Louvain étant une ville plutôt paisible, les riverains ont d'abord été surpris par ce défilé haut en couleurs et fort en bruit, puis, comprenant progressivement les horreurs qui se pratiquaient dans leur ville, avec l'argent du contribuable, leurs visages se sont décomposés. Plusieurs d'entre eux se sont spontanément joints à la marche.

Après avoir défilé pendant plus d'une heure, nous sommes revenus au point de départ pour écouter des interventions au micro.

Danny Flies, le président de CAV Belgique, a affirmé que cette campagne se poursuivrait tant qu'il y aurait des primates dans les laboratoires belges. Il a encouragé les militants à rester pacifiques dans leurs actions. Les vivisecteurs n'attendent qu'un faux pas de notre part pour nous faire passer pour des personnes agressives alors que ce sont eux qui ont le mauvais rôle.

File 907André Ménache, le directeur d'Antidote Europe, nous a expliqué que les vivisecteurs refusent systématiquement les débats publics car ils sont terrifiés à l'idée d'être confrontés à leurs détracteurs scientifiques. Les arguments des vivisecteurs ne tiennent pas la route face à la « bonne science », celle qui est basée sur des données humaines. Les résultats obtenus sur des animaux ne sont pas transposables à l'homme alors il serait temps que l'argent investi dans l'expérimentation animale soit utilisée dans de la vraie recherche basée sur l'homme.
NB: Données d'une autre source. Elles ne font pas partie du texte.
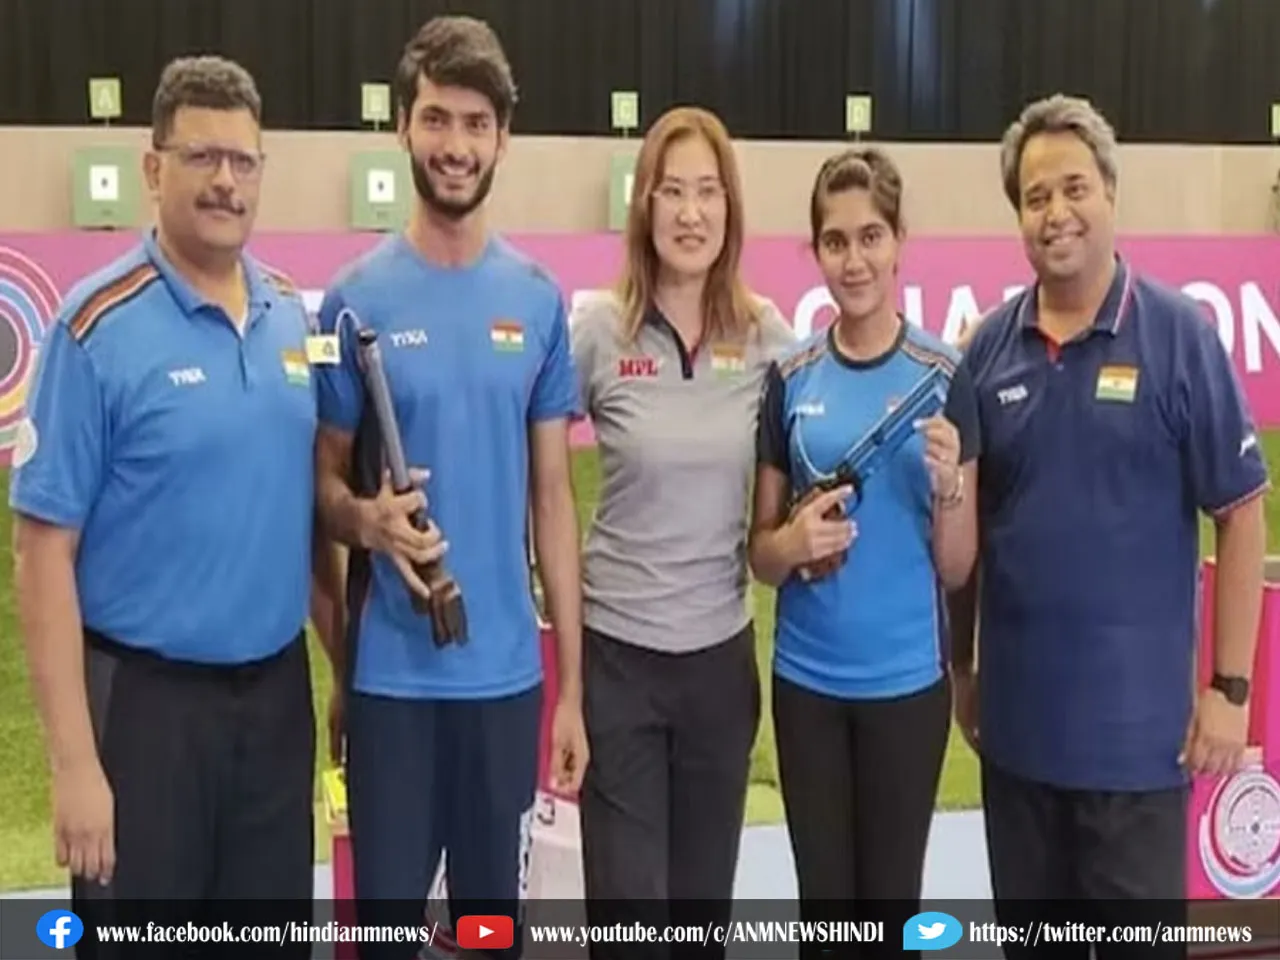 ISSF World Championships : भारतीय खेमे को कर दिया खुश, दूसरे स्थान पर चल रहा है भारत

Le problème n'est pas scientifique, il est politique. L'opinion publique doit changer. Si chacun passe le message à dix personnes et que ces dix personnes le passent à leur tour à dix personnes, les choses pourront changer.

Ensuite, un militant nous a relaté son infiltration dans un célèbre laboratoire qui utilisait près de 200 macaques, dont beaucoup de bébés. Il avait réussi à y travailler pendant quatre mois en tant que technicien et nous a dit qu'il n'aurait pas pu supporter plus longtemps. Les expériences étaient sur la reprotoxicité. Le but pour les techniciens de laboratoire était que le maximum de femelles soient enceintes. Il fallait leur faire des frottis tous les jours pour connaître le pic de fécondité et c'était très stressant pour elles.

File 914Des centaines de macaques adultes et bébés sont morts pendant les expérimentations ou ont été euthanasiés après les tests. Alors que les cadavres de singes remplissaient les poubelles du laboratoire, l'infiltré a demandé au responsable des recherches si tout cela avait vraiment une utilité, il obtint pour réponse quelque chose comme: « Je ne suis pas certain que les résultats puissent servir car il existe trop de différences entre nos macaques en provenance du Vietnam et ceux de l'Ile Maurice ».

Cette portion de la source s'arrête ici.